Indeed, purging will not mitigate concerns regarding inbreeding in small tiger populations, Byron Weckworth, director of conservation genetics at Panthera, a non-profit in New York, said. He was not associated with the study.
“Genetic risks remain for populations that are persistently small, and addressing the small population paradigm as a threat must remain on the forefront of conservation efforts for all species,” he wrote in an email to The Wire Science.
This is why Ramakrishnan and her team recommend a “genetic rescue”: introducing tigers from another population to reduce inbreeding and increase genetic variation. This, they write, could be the most proactive strategy to save the tigers of Ranthambore.
The right interventions
India will need to follow a scientific strategy for such tiger introductions, Ramakrishnan told The Wire Science. “Where the new tigers are brought in from will matter [emphasis in the original]. Tigers from the Terai, or nearby Kanha, would be the best bets.”
Then again, while introducing new tigers could be a good immediate-term option, the “best strategy”, the paper reads, is to increase connectivity between tiger populations.
Weckworth agreed the study’s findings support the need for genetic rescue. He added that studying genomic diversity among individuals and all tiger populations, and identifying the right source and recipient populations for genetic rescue, could benefit tiger conservation management. He also said landscape management should emphasise habitat restoration to facilitate connectivity.
“Yet this will take time even under the most aggressive land-use planning efforts.”
A study published earlier this year suggested that recent habitat fragmentation and loss of connectivity could be the distal cause of India’s tigers breeding among themselves.
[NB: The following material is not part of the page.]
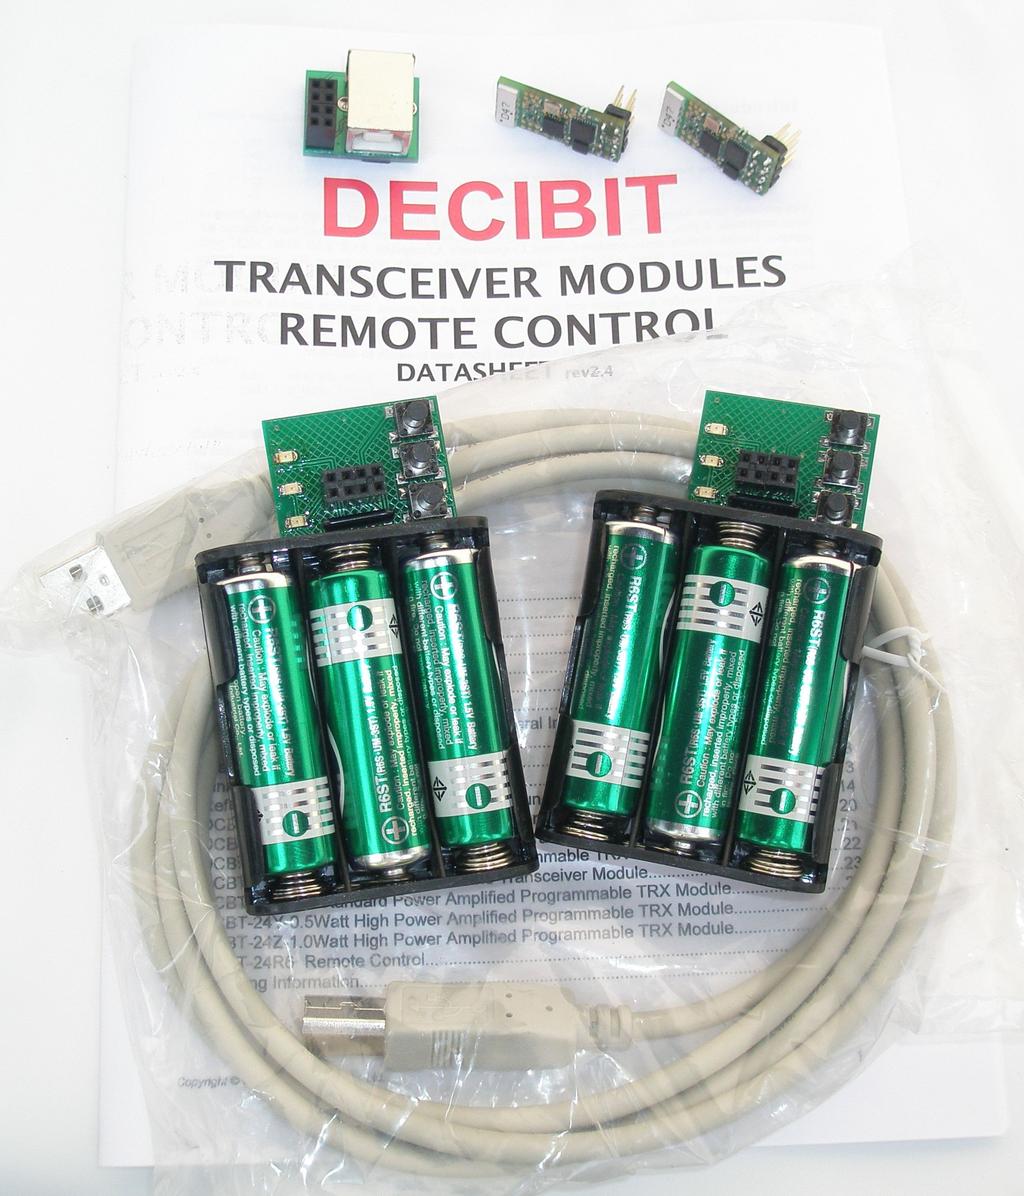 Decibit Development Kit (DDK) Contents 1 CDROM 1 USB Programmer 1 USB cable 2 Modules DCBT-24AX

At present, tigers in the country are restricted to protected areas, and movement between these patches is often through human-dominated areas. This is where habitat corridors could come in handy. The NTCA’s ‘Tiger Conservation Plan’ mandates officials to connect different tiger populations across reserves. It also requires any land-use change in tiger corridors to have the approval of the National Board for Wildlife.
However, tiger corridors across India have come under the scanner because development projects have threatened to overtake them. Some states, such as Goa, haven’t even started declaring tiger corridors yet.
Wildlife corridors to help tigers move around assume greater importance in the context of sustaining viable tiger populations. Almost half of India’s tiger reserves have core area sizes that can’t potentially sustain 20 breeding females – the minimum number for a viable population, according to the Wildlife Institute of India.
The news of Ranthamabore’s tigers being inbred to the extent that the population could be lost is a wake-up call not just for Rajasthan but for tiger management across the country, Tomar, the state’s chief wildlife warden, said. “Tiger management in India as a whole needs a review to determine what kind of course-correction is required.”